The Astro observatory is a package of three instruments, the Hopkins Ultraviolet Telescope (HUT), developed at The Johns Hopkins University, the Ultraviolet Imaging Telescope (UIT), developed by NASA's Goddard Space Flight Center and the Wisconsin Ultraviolet Photo-Polarimeter Experiment (WUPPE), developed at the University of Wisconsin.

Astro-1 orbited the Earth aboard the space shuttle Columbia for nine days in December 1990. An X-ray telescope, operating on a separate pointing system, was also included on the Astro-1 mission but is not part of Astro-2.

Astro-2 is scheduled to be launched from the Kennedy Space Center in Florida aboard the space shuttle Endeavour in March 1995. The mission is planned to last up to 16 days with a landing planned at KSC.

Like Astro-1, the Astro-2 observatory will be housed inside the shuttle's payload bay, with astronomers serving as payload specialists and mission specialists operating the telescopes from the aft flight deck of the shuttle. As the shuttle orbits 220 miles above Earth, a large contingent of scientists and engineers will guide the mission from the Spacelab Mission Operations Control Center at Marshall Space Flight Center in Huntsville, Ala., while NASA controls shuttle operations from Johnson Space Center in Houston, Texas.

Each component of the observatory has a specific role.
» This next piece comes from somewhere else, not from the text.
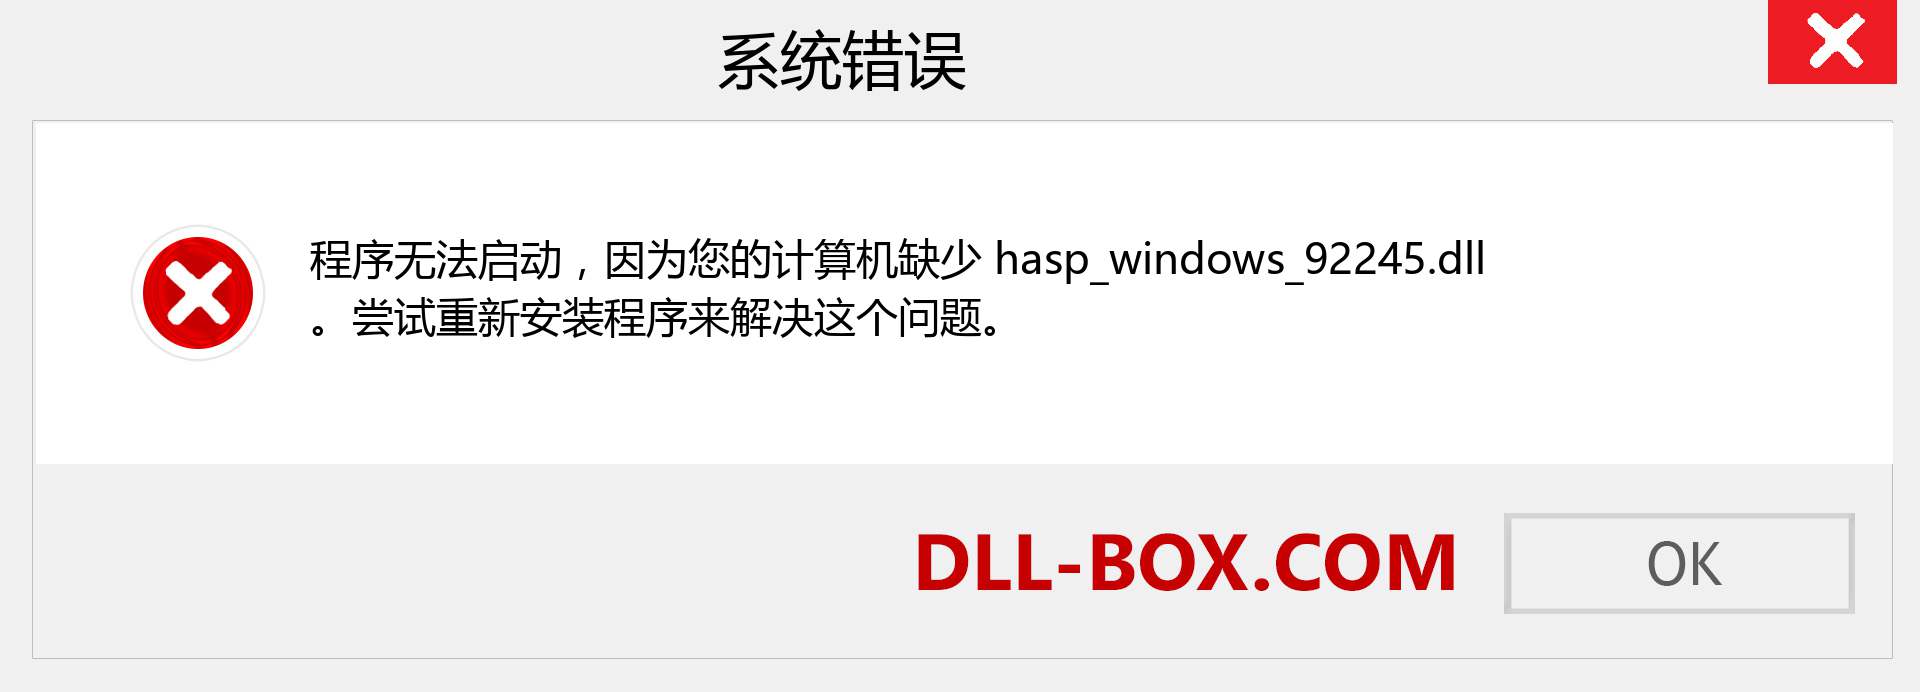 hasp_windows_92245.dll 文件丢失？。 适用于 Windows 7、8、10 的下载 - 修复 Windows、照片、图像上的 hasp_windows_92245 dll 丢失错误

HUT conducts spectroscopy in the far ultraviolet portion of the spectrum. Its observation range encompasses the wavelengths from 900 to 1,800 angstroms, but its greatest sensitivity is in the range of 900 to 1,200 angstroms. The portion of the spectrum observed by HUT, coupled with the instrument's sensitivity, enables it to see a slice of the ultraviolet universe other observatories are unable to detect. The Hubble Space Telescope, for example, can observe only at wavelengths longer than about 1,200 angstroms.

WUPPE can determine the polarization of ultraviolet light, measurements that help determine the composition and structure of dust in interstellar space and clouds of dust and gas that surround stars. It explores an area that has not been readily studied, especially for stars that are too bright for Hubble's Faint Object Spectrograph and for nebulae too large for Hubble's smaller spectrograph openings.

UIT takes photographs of objects in ultraviolet light, recording the images on film for processing back on Earth. Before Astro-1, very few ultraviolet images had been taken and those that were available were taken during brief rocket flights. UIT observes a field of view two-thirds of a degree across, an area larger than the full moon. This is considered "wide field" for astronomers; each UIT photo covers an area more than 200 times the size of the Hubble Space Telescope's Wide Field/Planetary Camera (but at lower resolution). For many galaxies or star clusters, this is large enough to encompass the entire object in a single UIT frame.

Before the advent of UV space telescopes, scientists had to be satisfied with rocket-borne telescopes. In fact, the Astro-2 telescopes were built after prototypes were designed and flown separately on sounding rockets. But a typical rocket flight might gather 300 seconds of data on a single object. On Astro-2, scientists expect the three telescopes to gather a total of nearly 600 hours of data on as many as 250 targets.

Astro-2 complements other ultraviolet instruments. Each Astro telescope has capabilities that make it unique. In addition, since the telescopes are aligned, joint observations of many objects add a new dimension to the payload's capabilities. Several guest investigator programs make explicit use of more than one telescope simultaneously.